P13B-2142
Carbon Dioxide Chemistry on Titan’s Surface
Monday, 14 December 2015
Poster Hall (Moscone South)
Robert P Hodyss1, Morgan L Cable2, Michael J Malaska3 and Tuan Hoang Vu2, (1)NASA Jet Propulsion Laboratory, Pasadena, CA, United States, (2)Jet Propulsion Laboratory, Pasadena, CA, United States, (3)Organization Not Listed, Washington, DC, United States
Abstract:
The surfaces of the moons of the outer Solar System are usually considered too cold (30-100 K) for significant chemistry to occur without the input of energy from exogenic sources (such as charged particles or VUV irradiation). In particular, Titan’s thick atmosphere prevents significant amounts of high energy radiation from reaching the surface, limiting opportunities for surface chemical reactivity. Recently, we have identified carbamation, the reaction of carbon dioxide with primary amines to form carbamic acids, as a reaction that could occur thermally on Titan’s surface. Amines should be present on Titan’s surface, formed by photochemical reactions of N2 and CH4 in the upper atmosphere, and amine-containing molecules have been detected as a component of laboratory tholins made in terrestrial laboratories. There is some spectral evidence that CO2 is present on the surface, and CO2 has been definitively identified in the atmosphere.

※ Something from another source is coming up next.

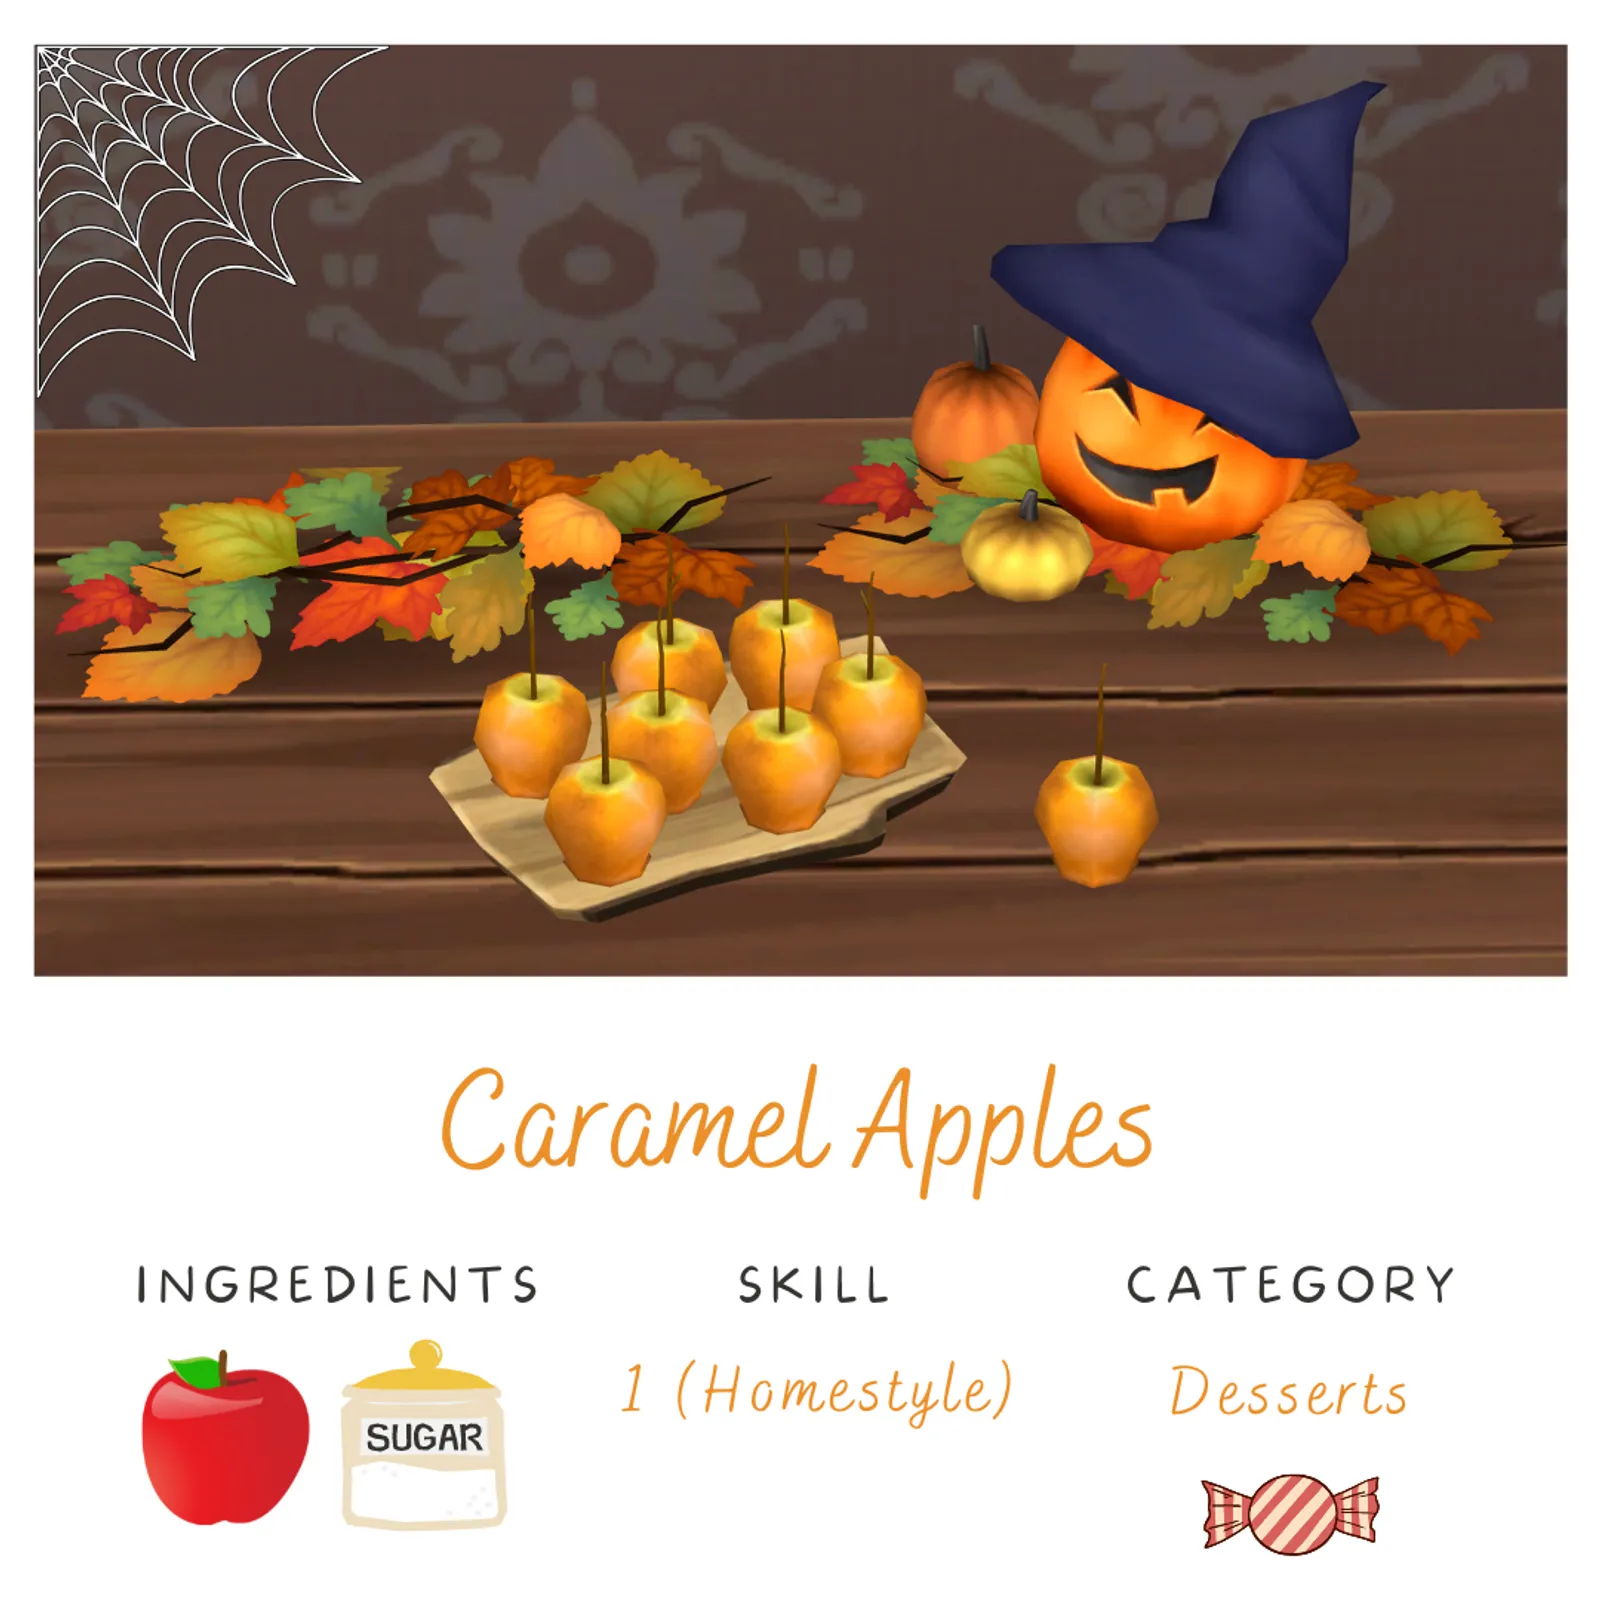 Caramel Apples - Simblreen Treat! 👻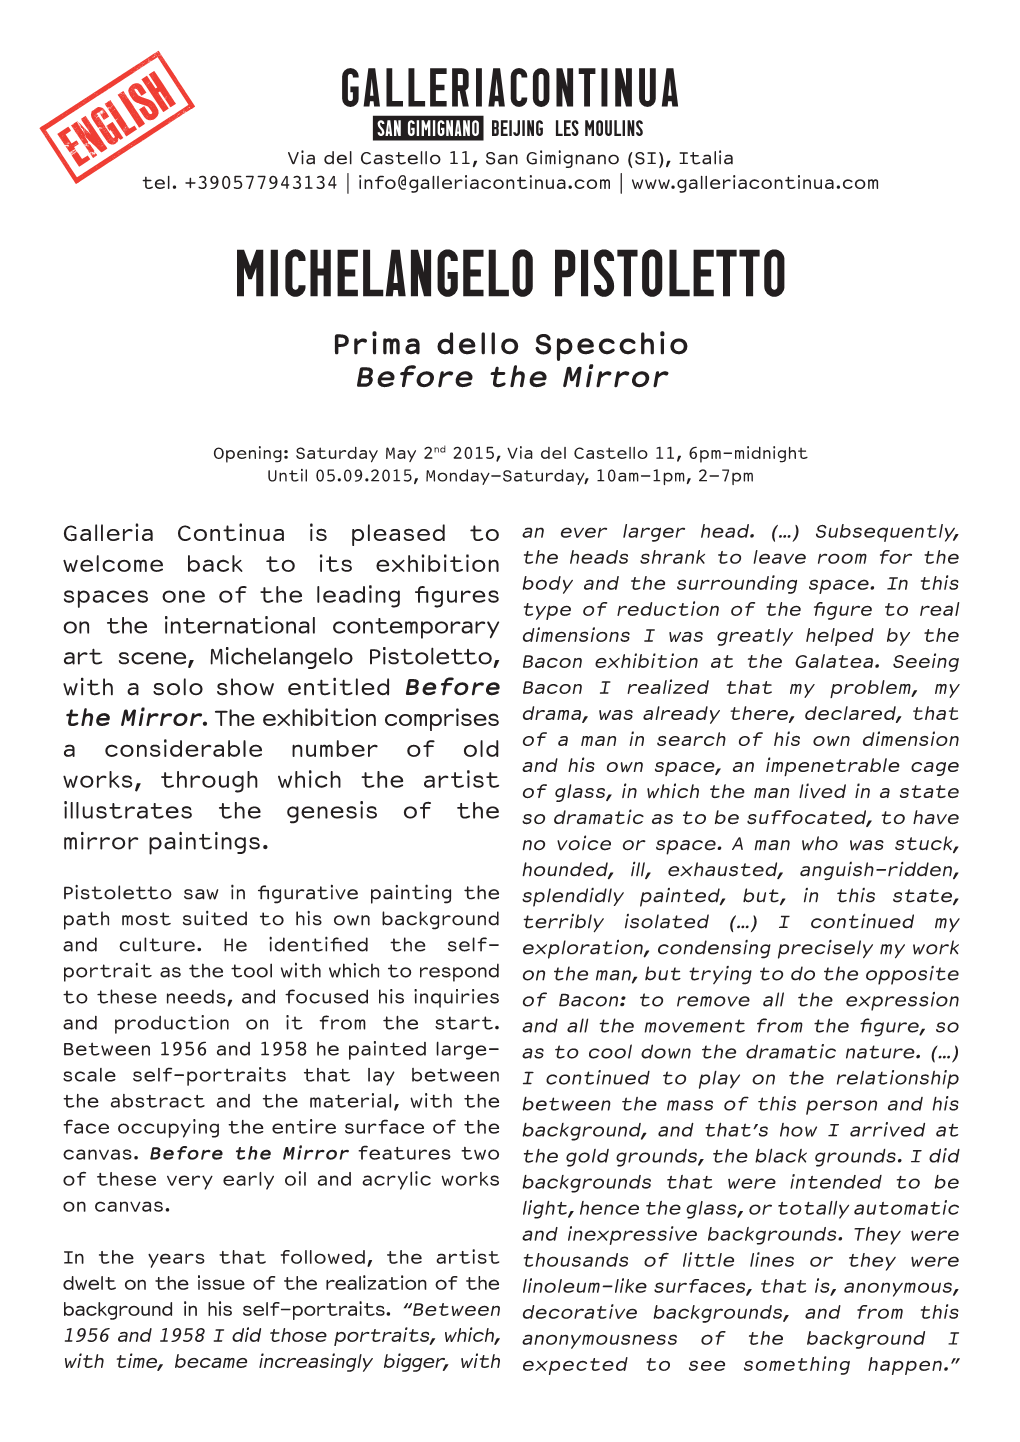 MICHELANGELO PISTOLETTO Prima Dello Specchio Before the Mirror

We use a combination of micro-Raman spectroscopy and UHV FTIR spectroscopy to examine the reaction products and kinetics of the carbamation reaction for a variety of primary amines. The reaction occurs readily at Titan surface temperatures (94 K), and leads to both carbamic acids and ammonium carbamate salts. Our kinetic data can be used to estimate the lifetime of CO2 on Titan’s surface, and thus constrain the age of possible CO2-bearing cryovolcanic deposits.